Unisys Changes GIF Licensing Policy

Unisys Corp. has confirmed a change in its policy of collecting
licensing fees on a patent that affects users of the popular GIF digitized image format.

Unisys holds a patent on LZW, which is an algorithm used
to create GIF files.

The company is now asking Web developers to determine whether the image
software they’re using to create GIFs has properly licensed the technology
from Unisys. If not, the company is requiring the sites to pay a
one-time fee of $5,000.

According to Unisys’ chief patent counsel Mark Starr, the company has no way of determining whether GIFs at a site have been created using software without a LZW license. But Unisys is contacting sites it believes may be in violation.

“Are we sending a letter out to every Web site — obviously not,” said Starr. “We’re focusing on the larger Web sites and portals, which are using these technologies that are clearly unlicensed.”

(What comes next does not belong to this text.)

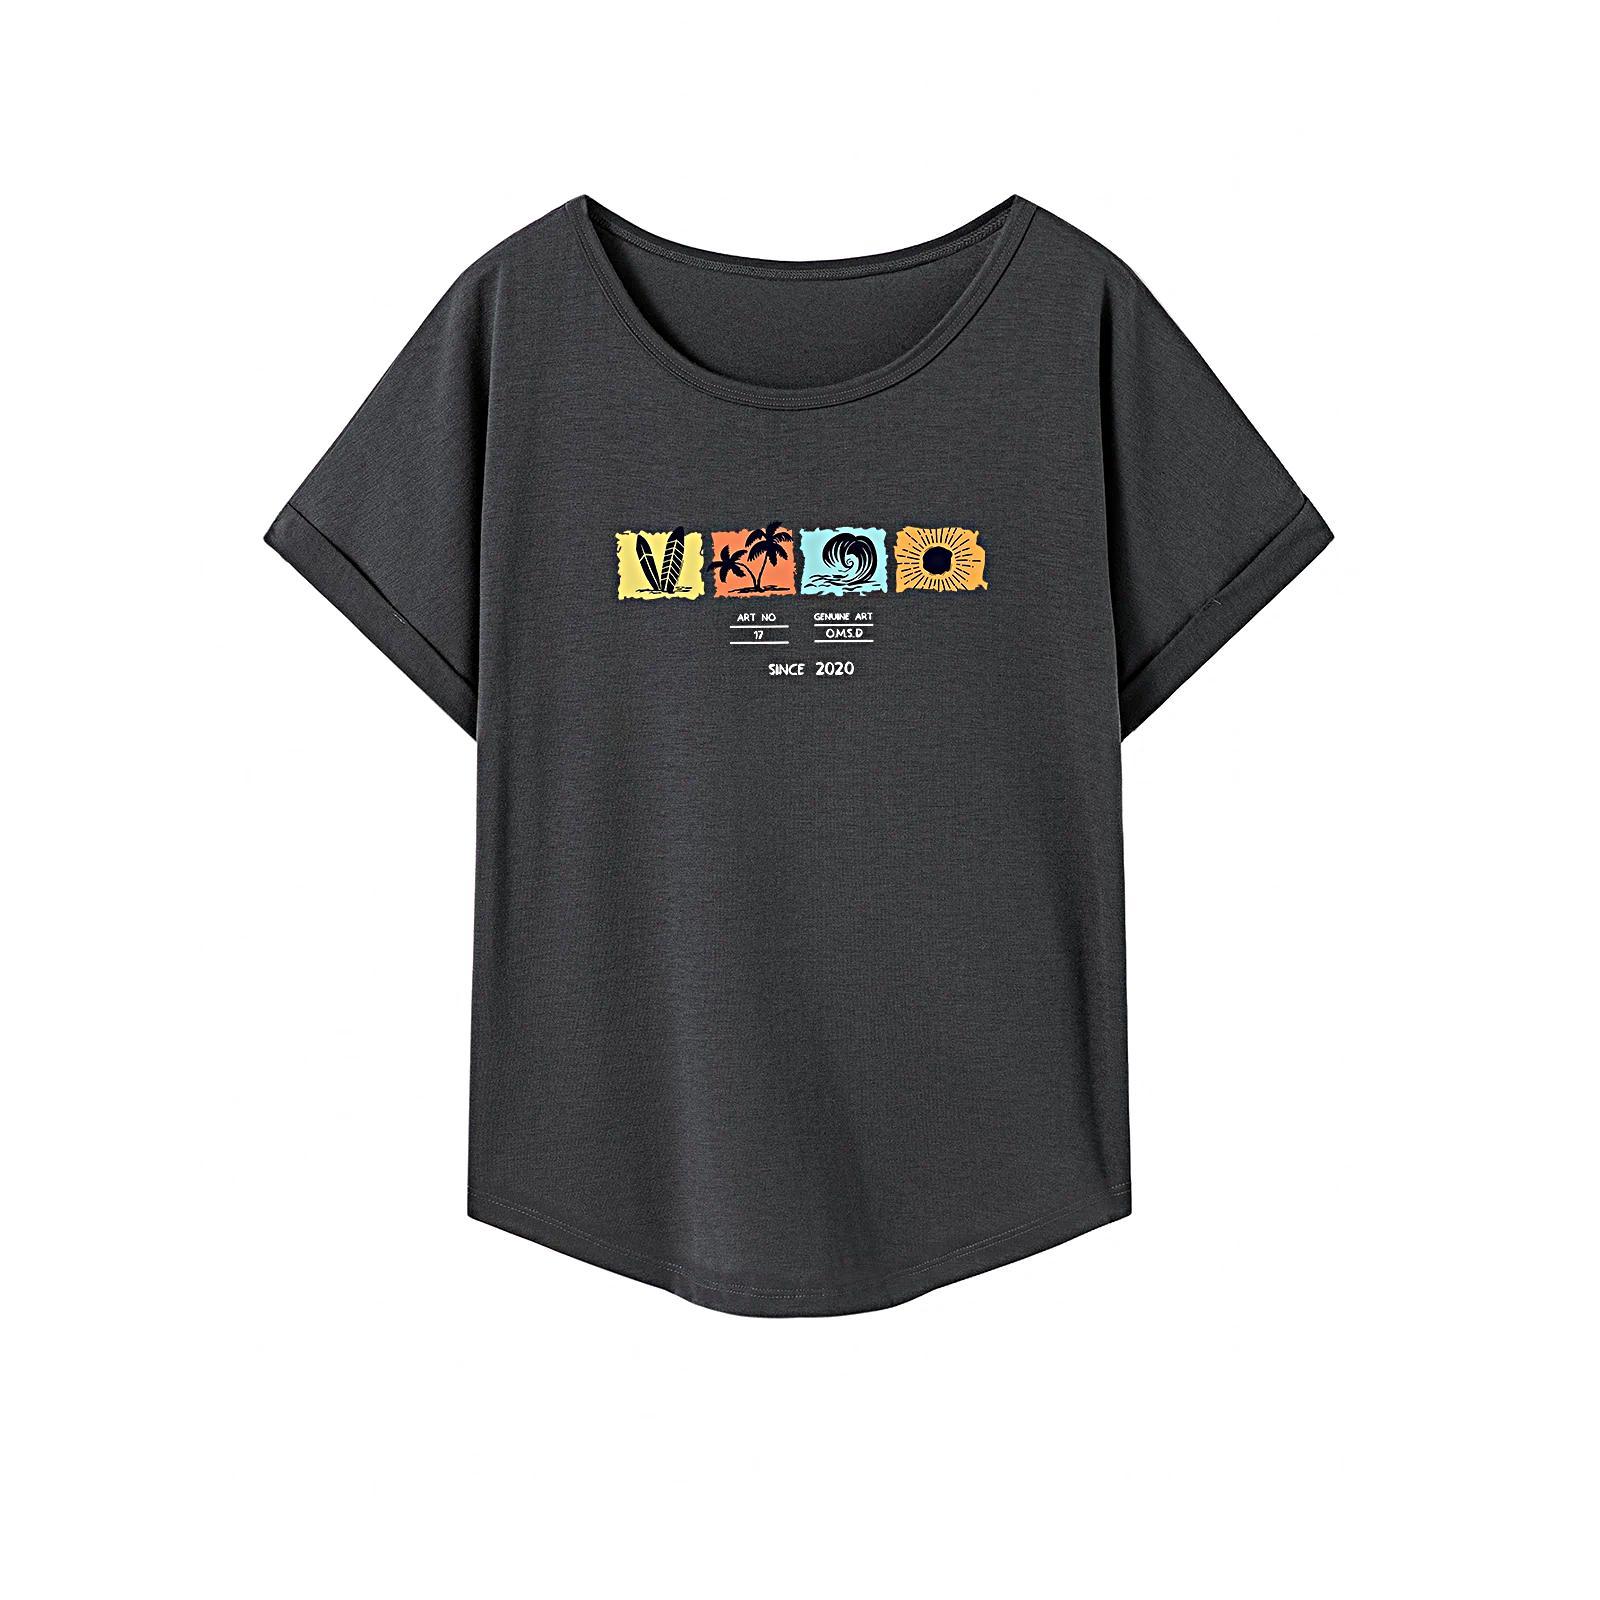 T Shirt for Women Summer Lightweight Crew Neck Shirt for Beach Sports Office S
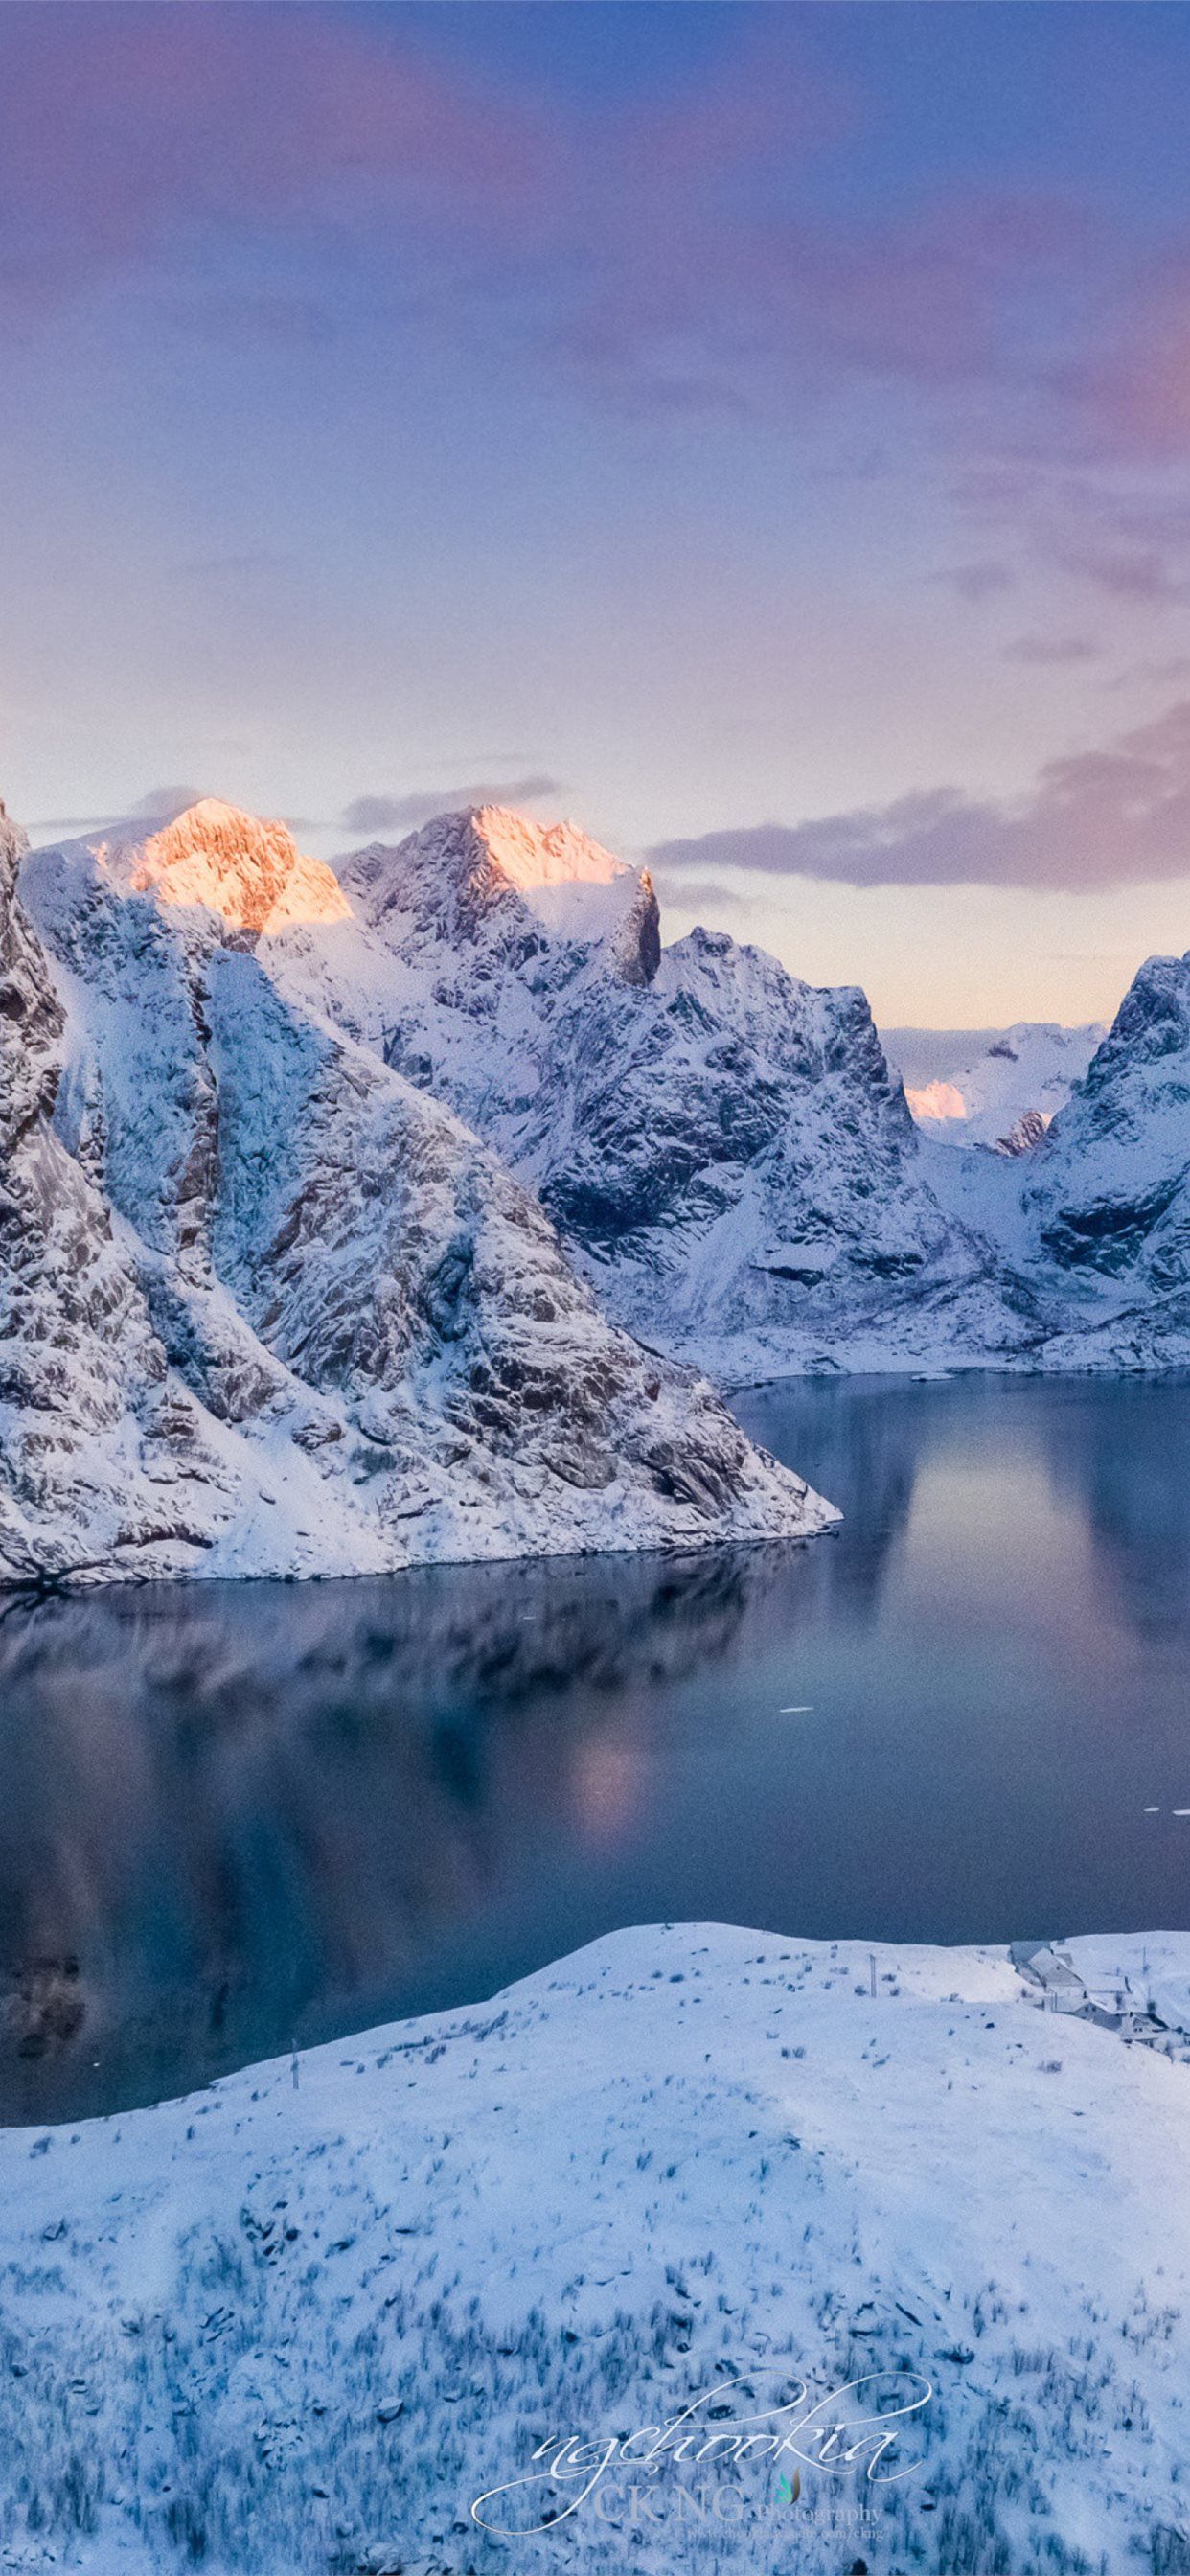 Norway Lofoten Mountains Winter Bay Snow Samsung G. iPhone 11 Wallpaper Free Download

According to Starr, a number of well-known Web sites are currently in
violation of Unisys’s patent.

The $5,000 licensing fee is actually less than Unisys had previously
been seeking. In the past, the company had been charging Web developers
$1,500 per year.

About five years ago, Unisys negotiated a licensing
arrangement with Compuserve, which owns the patent on the GIF format.

Under the deal, CompuServe pays a royalty fee of 1 percent whenever it collects a fee from software developers who write programs that use the GIF format. This latest development has some Web developers up in arms.

A group of them plan to gather at Unisys headquarters in Pennsylvania next month. There, demonstrators plan to burn print-outs of GIF images from their sites to protest the fees.

Protest organizer Don Marti said the time is right to abandon the GIF format despite its backwards compatibility with older browsers and to move exclusively to new formats such as JPEG and PNG.

Marti accused Unisys’s legal department of trying to become a revenue generator for the comapny.

“They’re competing with a guy who just sold the snow plow off of the front of his truck who got his MCSE; so they’re kind of scraping the bottom of the barrel for anything they can use to squeeze some money out of the Web revolution that they kind of missed in the company,” said Marti.

“So if they can milk Web sites for some revenues for this old patent all they can do is treat Unisys as an annoyance and route around it.”

Starr defended the company’s decision.

“This is life. The United States is driven by entrepreneurs and entrepreneurs are getting legal guards to protect their innovations and when somebody else uses their innovations, they’re enforcing it.

“And in the case of Unisys we felt we had an obligation to our shareholders to be compensated for our innovations and, frankly, this most recent change in our policy is in response to requests we received and carefully debated. My position is that we benefited — we’ve reduced the fees.”